■ **Task directions**
Give back, exactly as written, the lines from the first line of the data below through the line with "Portrait Of Happy", and omit the pictures.
━━━━━ Dataset section
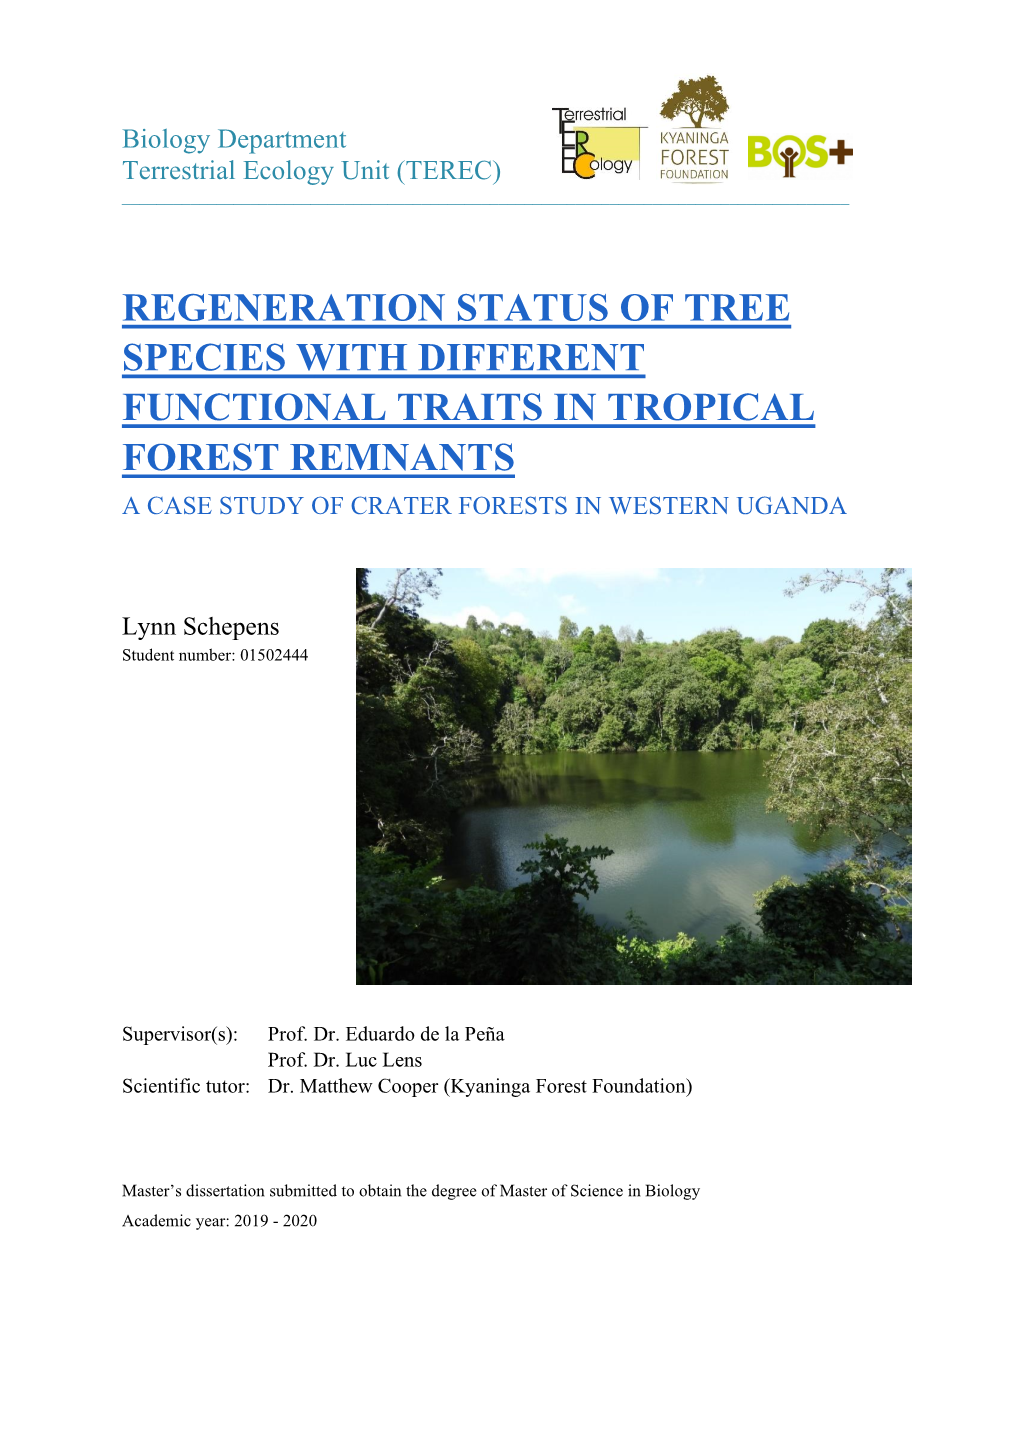 Regeneration Status of Tree Species with Different Functional Traits in Tropical Forest Remnants a Case Study of Crater Forests in Western Uganda
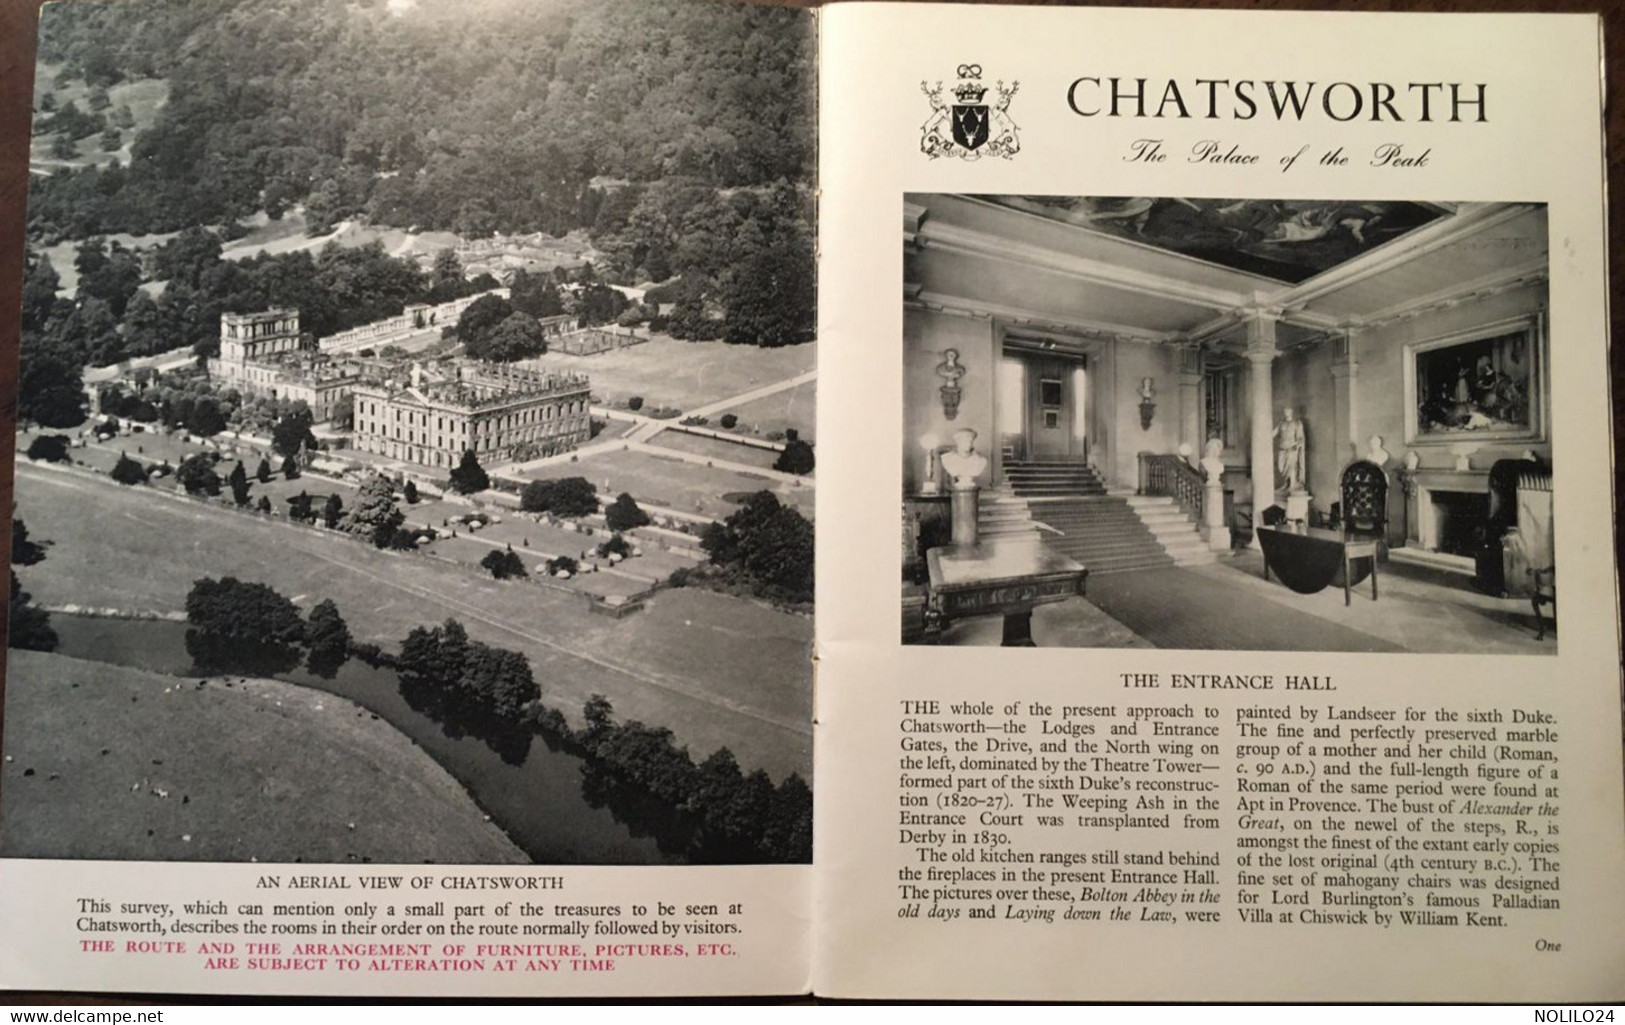 Revue Publication Guide CHATSWORTH The Derbyshire Home Of The Dukes Of DEVONSHIRE - Culture
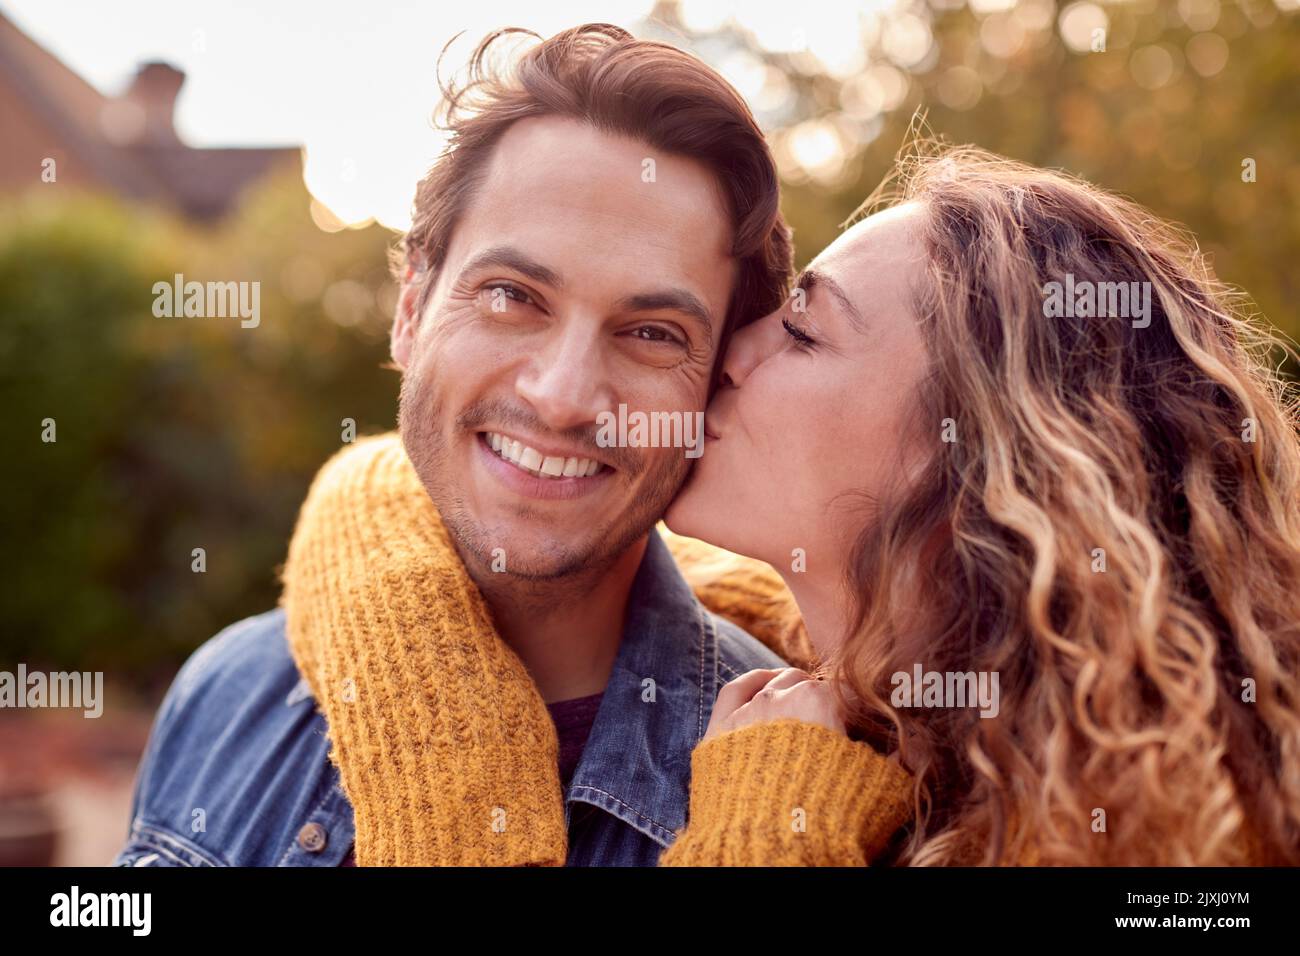 Portrait Of Happy Loving Couple With Woman Giving Man Kiss On The Cheek Stock Photo
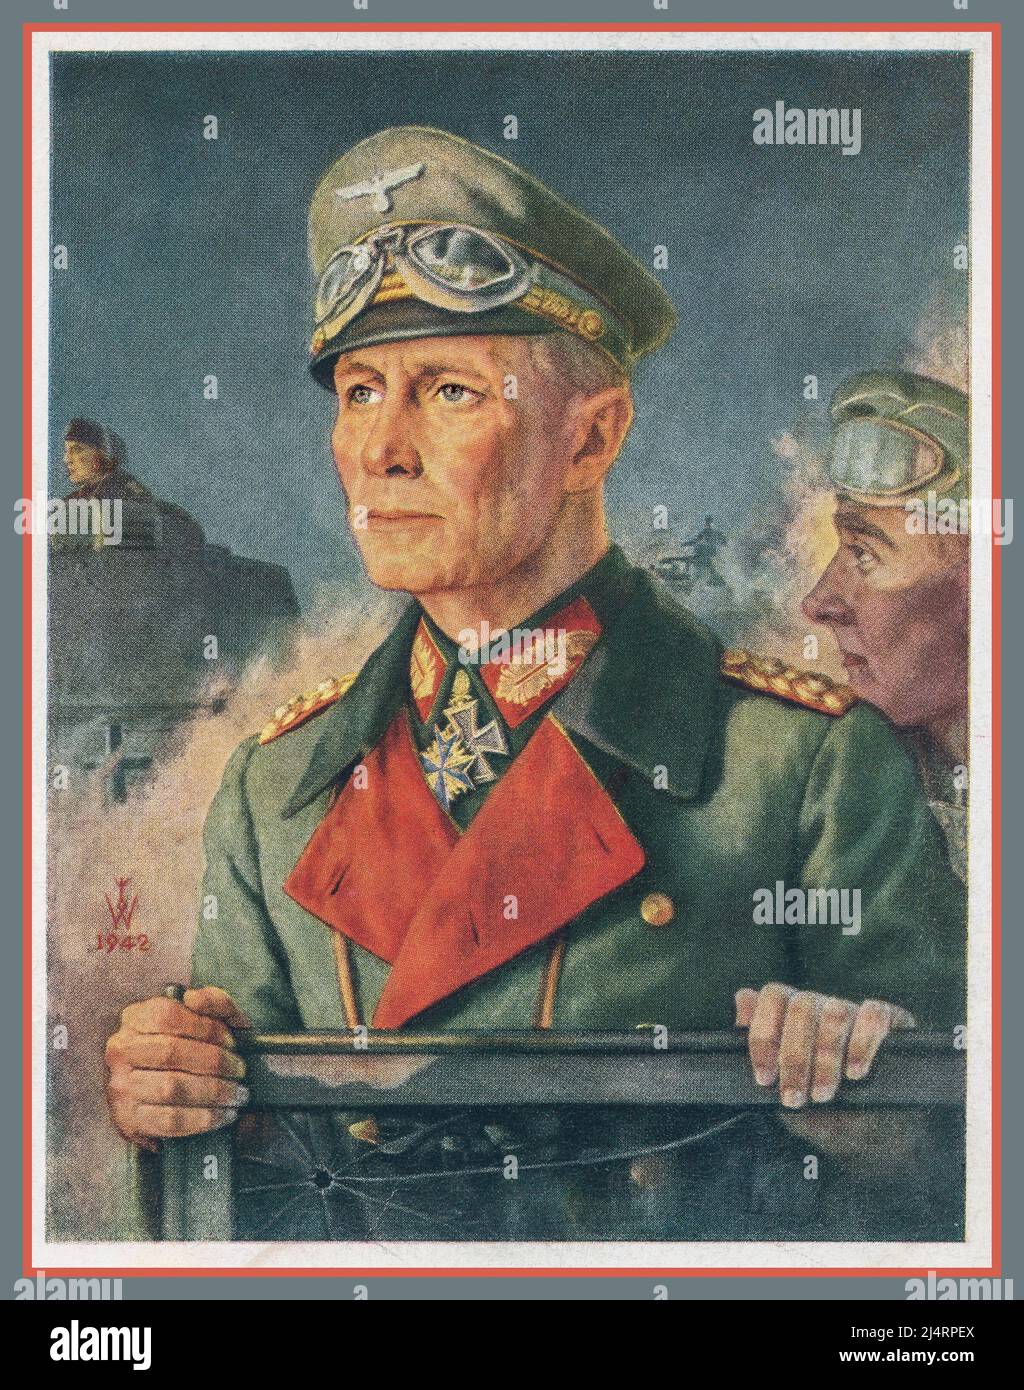 Vintage 1942 Field Marshall Erwin Rommel Poster card, a revered Nazi German hero and brilliant war strategist. 'The Desert Fox' of the North Africa campaign, wearing his Iron Cross medal with oak leaves swords and diamonds and the Pour le Merite Cross  WW2 World War II Second World War Painting Illustration Colour Stock Photo
━━━━━━━━━━
■ **Solution to the exercise**
 Regeneration Status of Tree Species with Different Functional Traits in Tropical Forest Remnants a Case Study of Crater Forests in Western Uganda
 Revue Publication Guide CHATSWORTH The Derbyshire Home Of The Dukes Of DEVONSHIRE - Culture
 Portrait Of Happy Loving Couple With Woman Giving Man Kiss On The Cheek Stock Photo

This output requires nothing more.